Consistent with international best practices, India should consider entrusting distinct and independently functioning bodies (possibly as specialised sub-committees within such a Council) with clearly demarcated responsibilities relating to judicial selection and promotion, training and performance evaluation, and discipline and ethics regulation. This structural separation would prevent concentration of institutional power, mitigate risks of judicial corporatism, and ensure functional expertise.

Judicial appointments must rest on objective, publicly articulated criteria, supported by reasoned decisions, a confidential and integrity-assured justification process, and meaningful avenues of judicial review. Likewise, disciplinary mechanisms should be fully insulated from executive influence, operate under mixed but judicial-led compositions, and be governed by clearly defined standards of judicial misconduct, robust procedural guarantees, transparent and reasoned determinations, and reviewability by an independent judicial authority.

Equally essential is the cultivation of a broader culture of accountability. Judicial governance bodies must engage in systematic public reporting, disclosure of institutional resources, and structured interaction with civil society to maintain legitimacy and public trust. However, any accountability framework must remain faithful to a foundational constitutional boundary, as also cautioned by the Warsaw Recommendations, that judicial councils must refrain from commenting on individual judicial performance or pending cases. The objective is not to subordinate judicial function to oversight, but to ensure that independence is exercised within a principled, transparent, and democratically legitimate institutional architecture.

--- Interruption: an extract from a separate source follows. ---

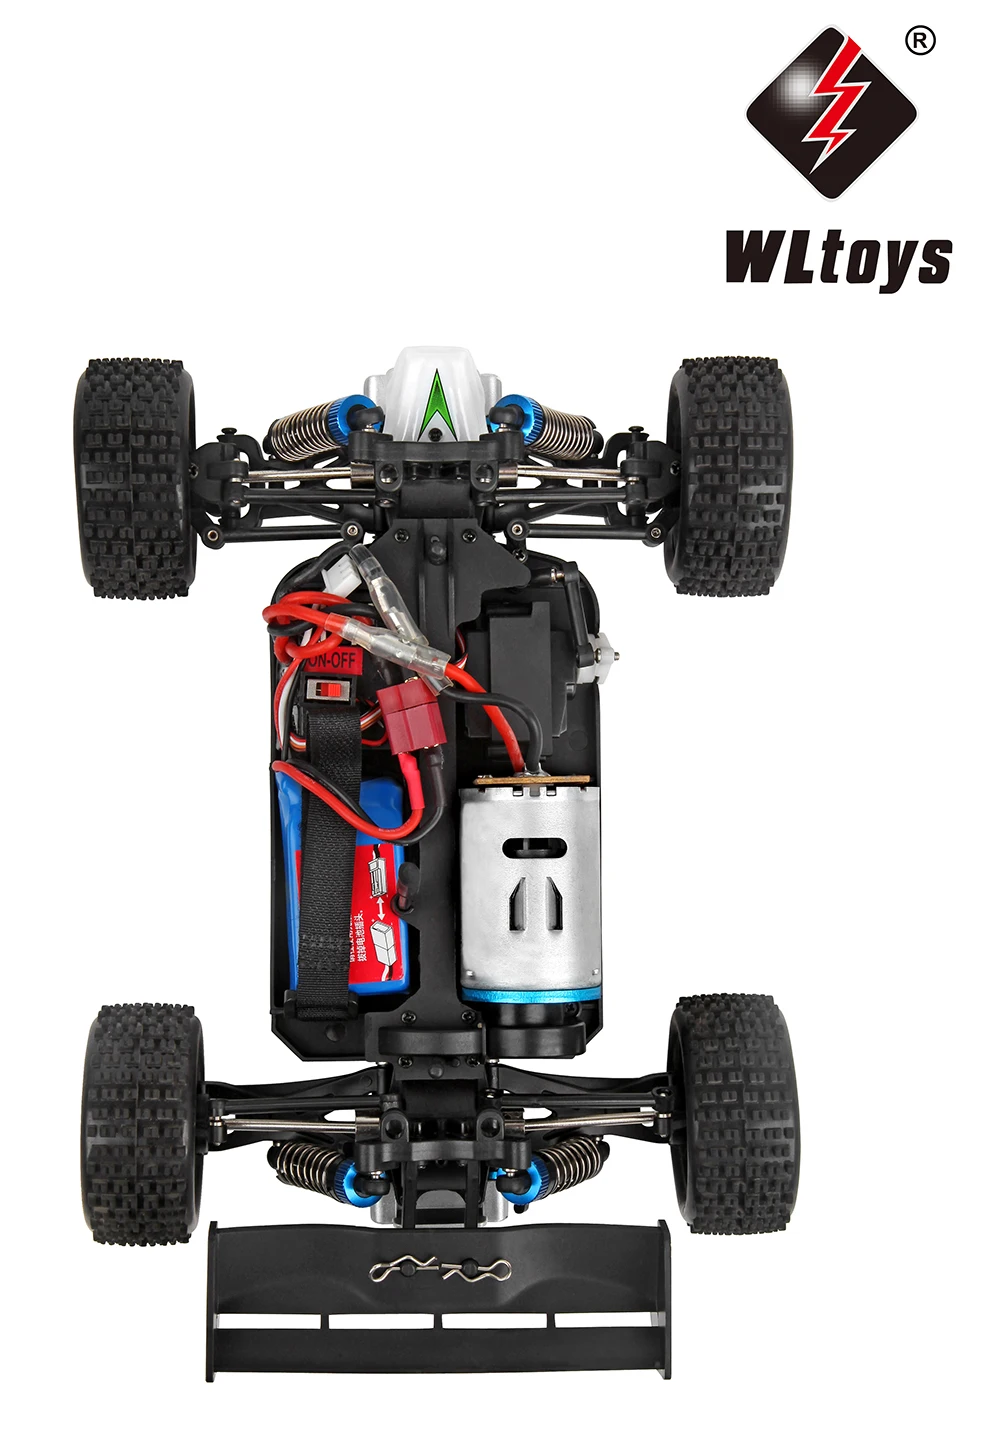 WLtoys A959 959B 2.4G Racing RC Car 70KM/H 4WD Electric High Speed Car Off-Road Drift Remote Control Toys for Children enlarge

Judicial independence remains constitutionally foundational in India. Yet independence divorced from accountability risks opacity, corporatism, and erosion of public trust. The experiences reflected in the Venice Commission, Kyiv, Warsaw Recommendations, and comparative constitutional practice establish that institutionally structured accountability enhances rather than imperils judicial independence.

India's constitutional evolution has successfully insulated the judiciary from political capture. Its next stage must institutionalize accountability, not as political concession, but as a constitutional necessity to realize genuine judicial independence and strengthen the rule of law.